§ Assignment: Give a verbatim copy of the lines below, minus the pictures.

§ Data excerpt:
*** Begin section ***

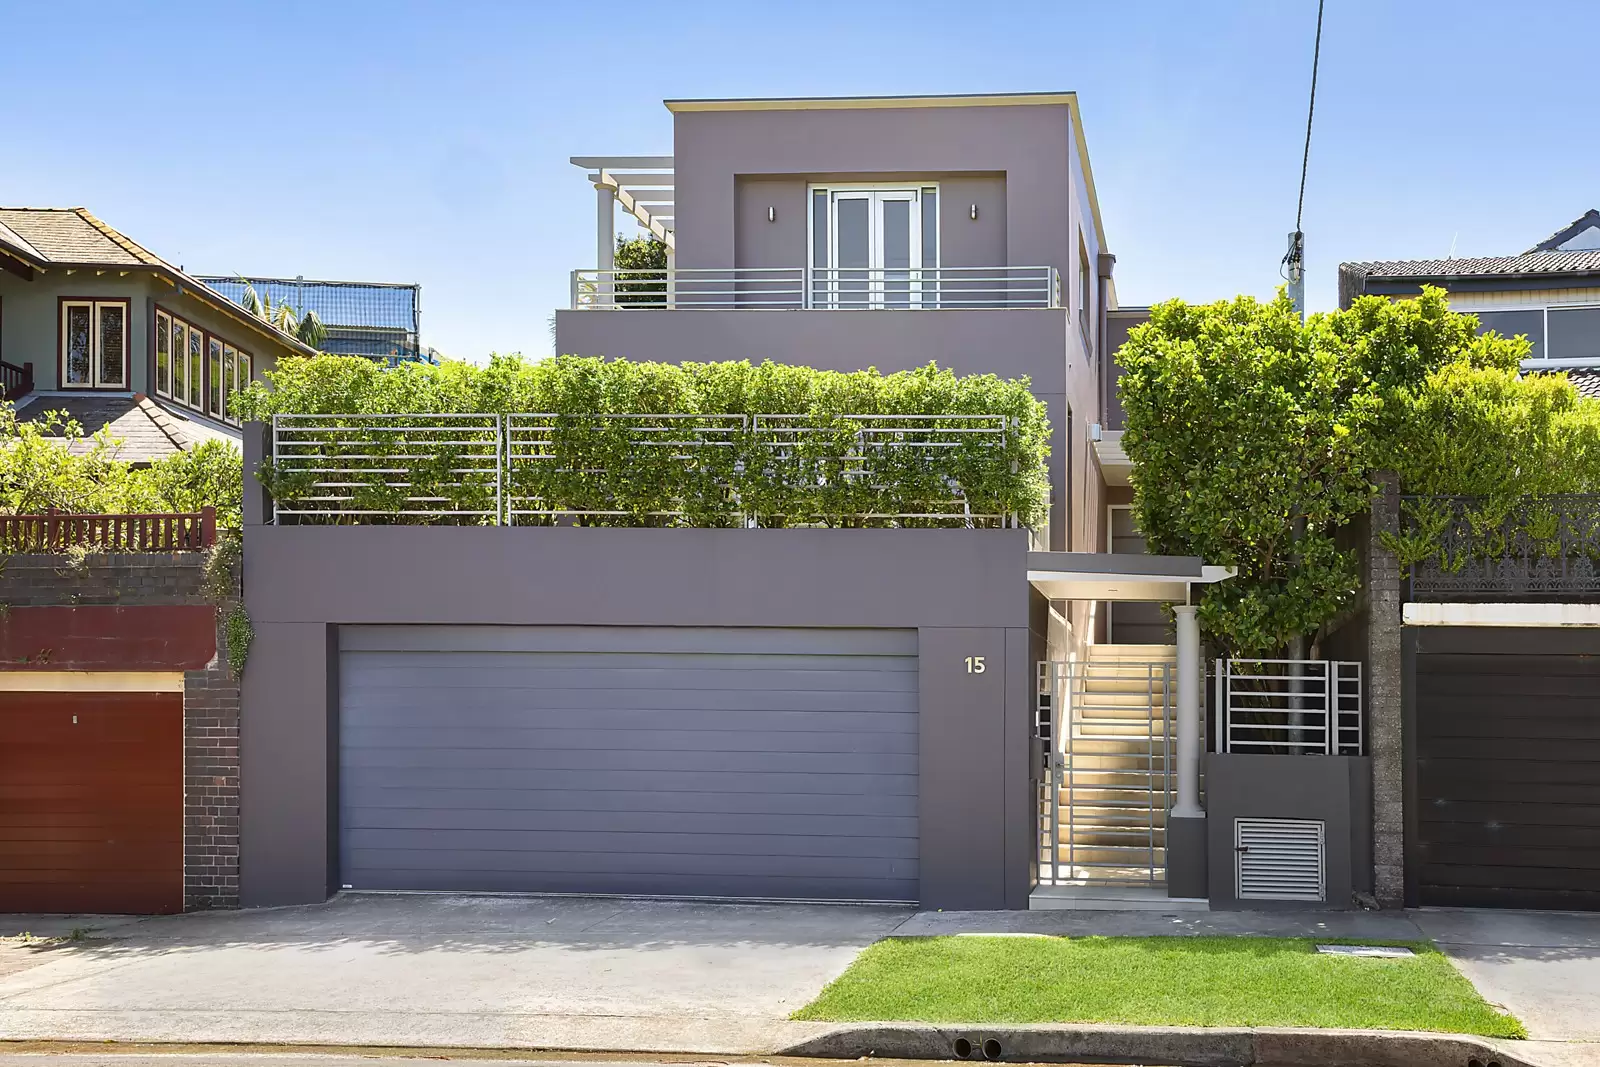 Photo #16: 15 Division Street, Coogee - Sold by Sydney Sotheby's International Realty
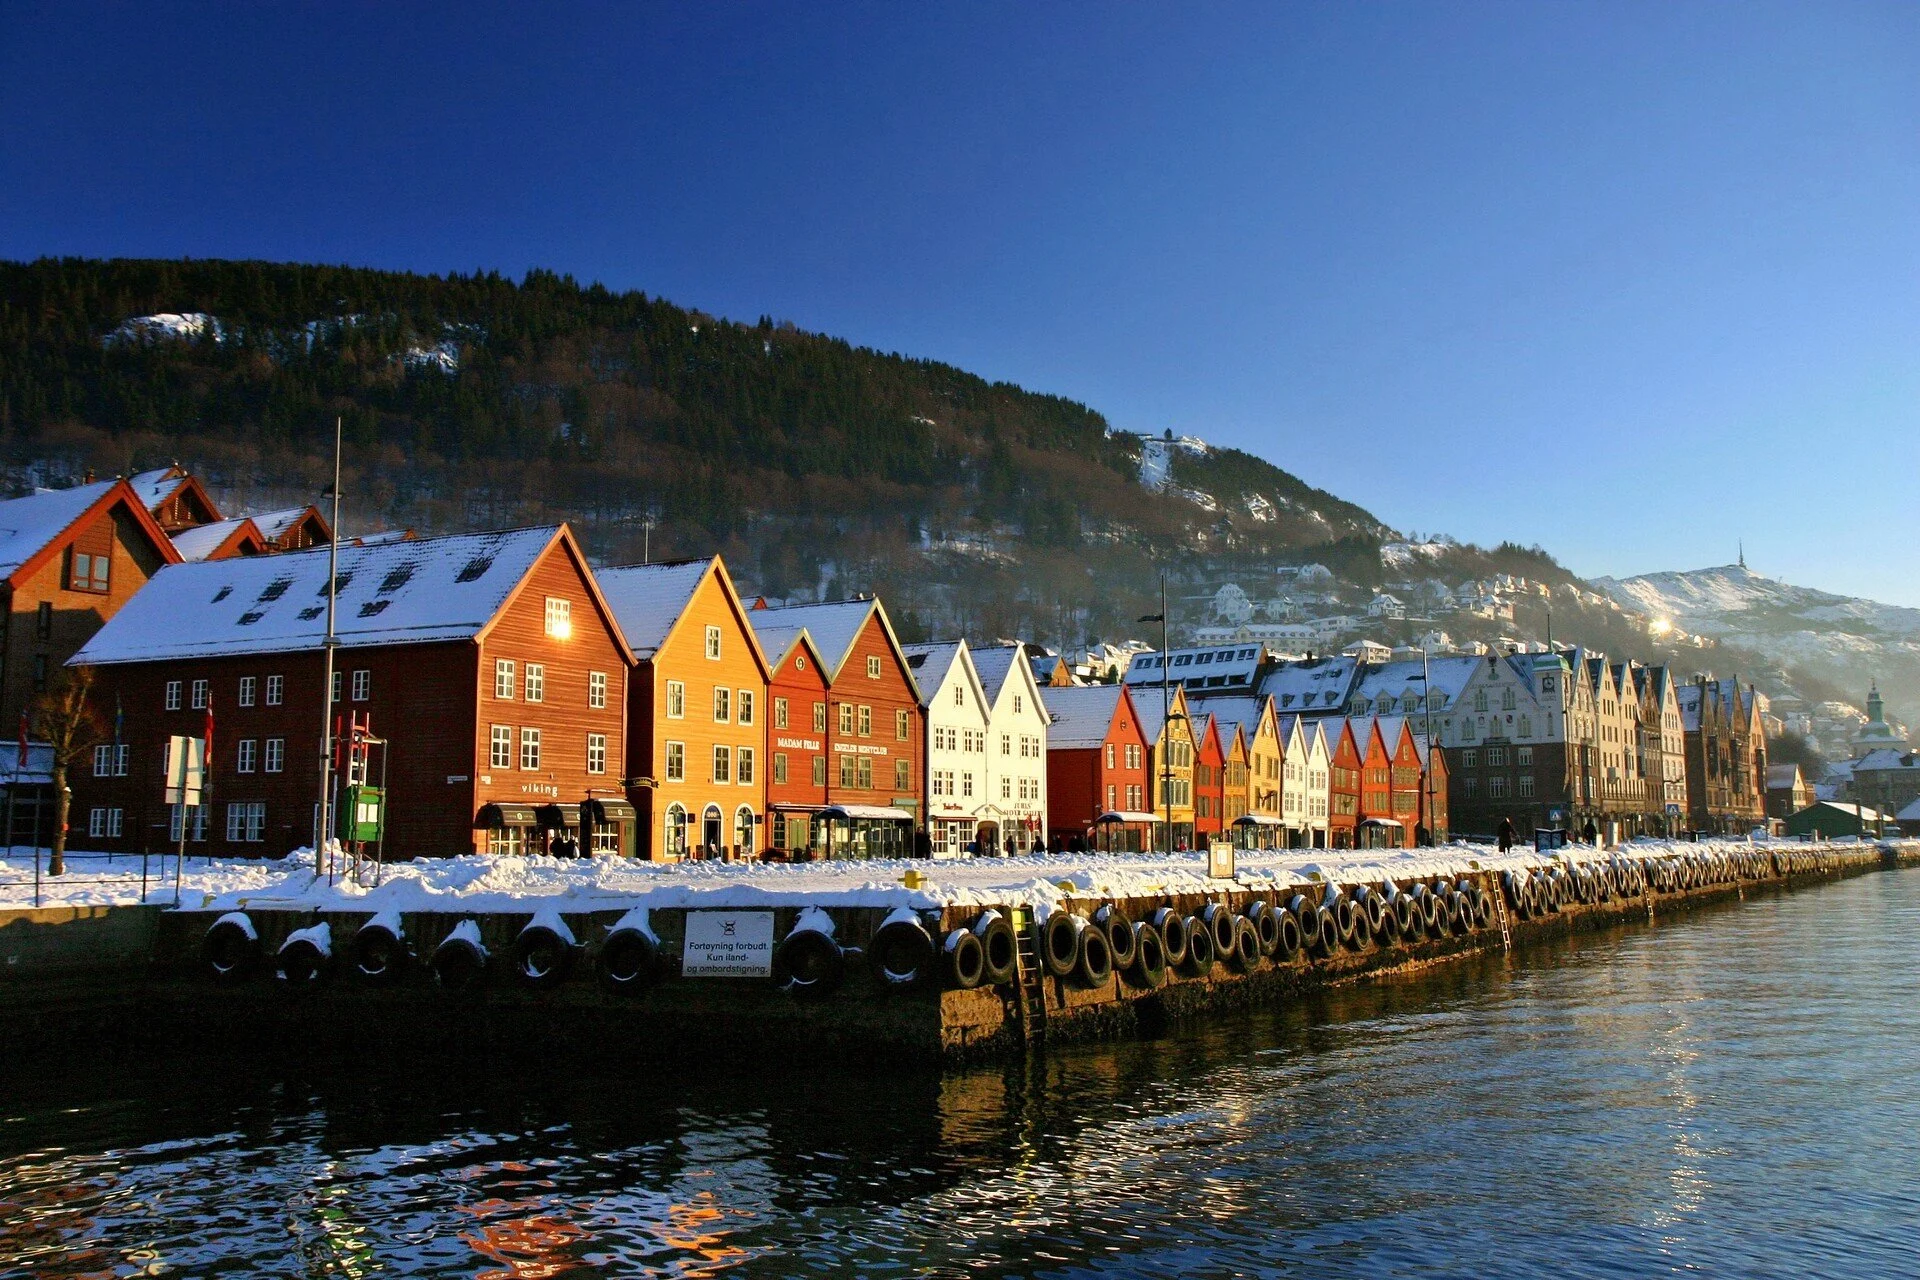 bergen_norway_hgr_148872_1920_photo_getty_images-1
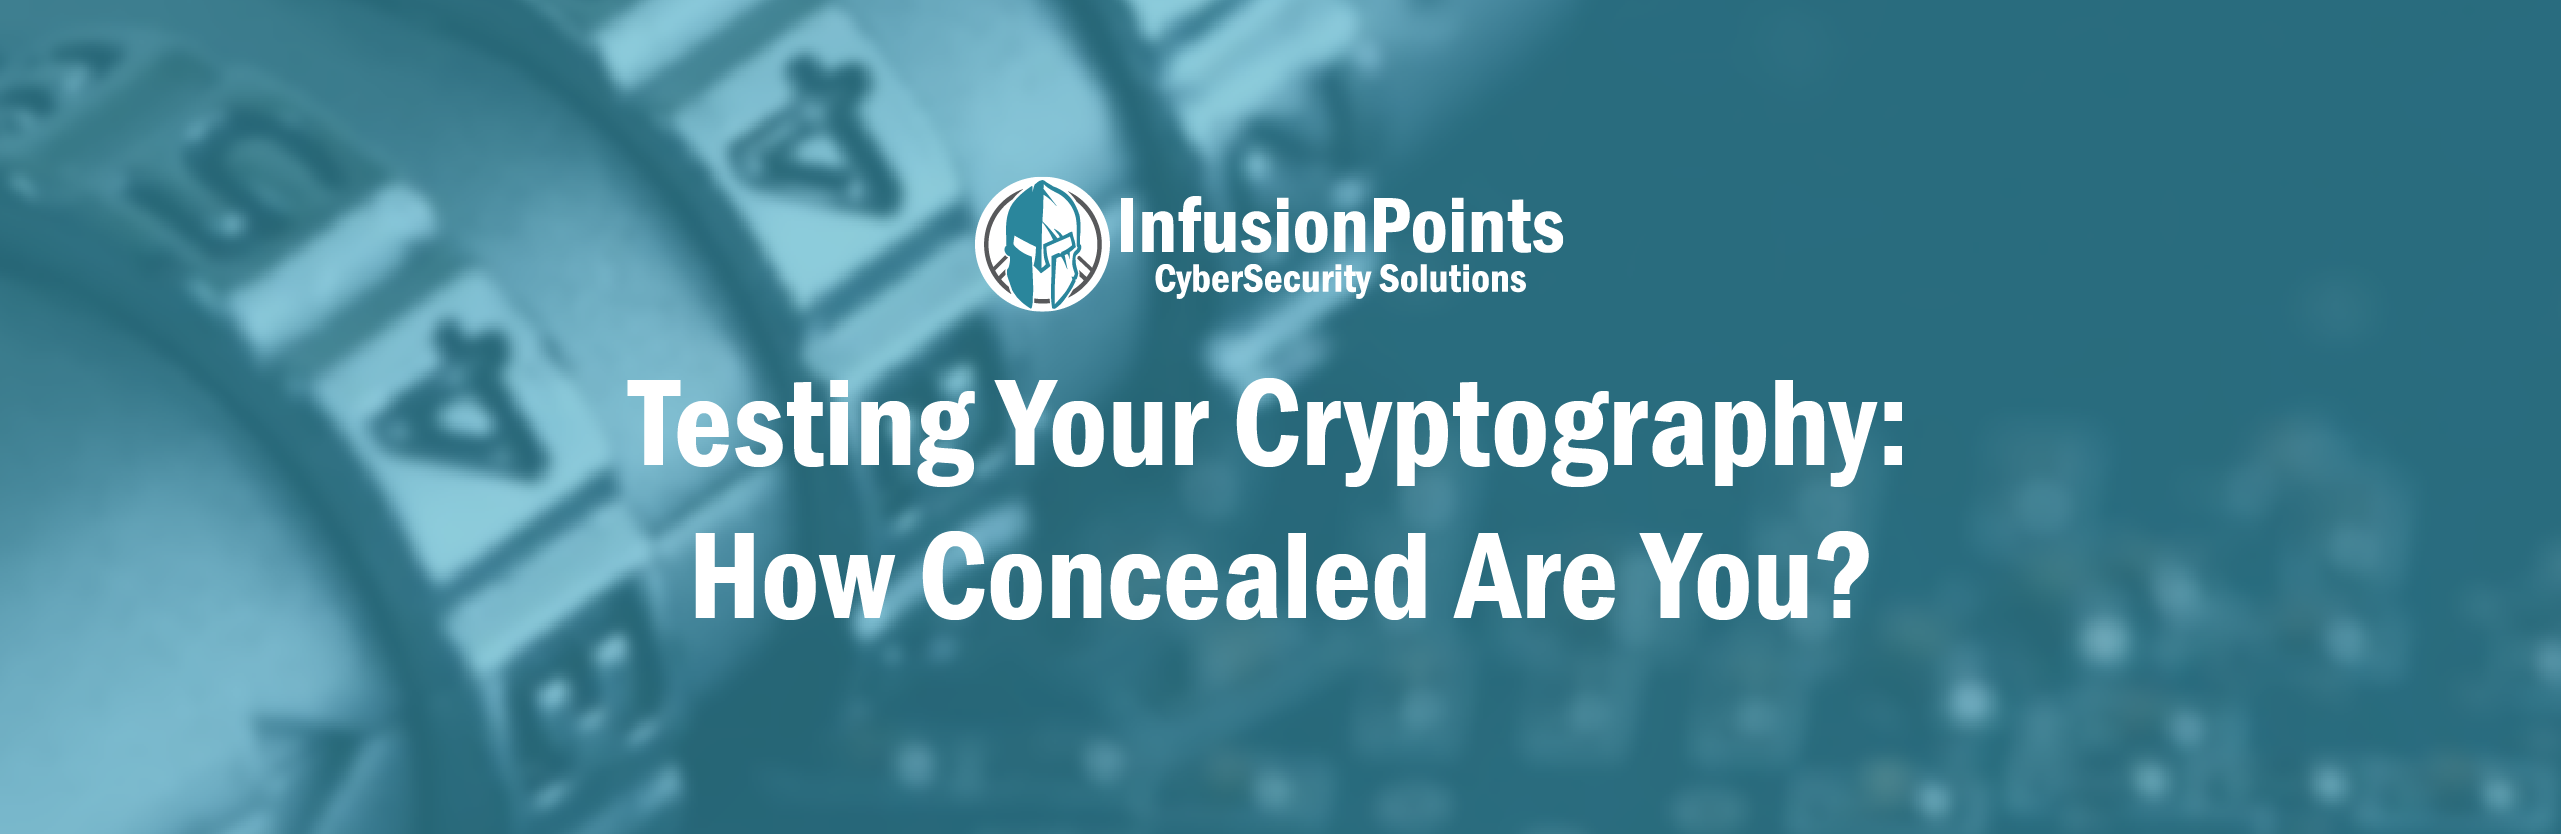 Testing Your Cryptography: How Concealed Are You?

*** End section ***

§ Output for this exercise:
 Photo #16: 15 Division Street, Coogee - Sold by Sydney Sotheby's International Realty
 bergen_norway_hgr_148872_1920_photo_getty_images-1
 Testing Your Cryptography: How Concealed Are You?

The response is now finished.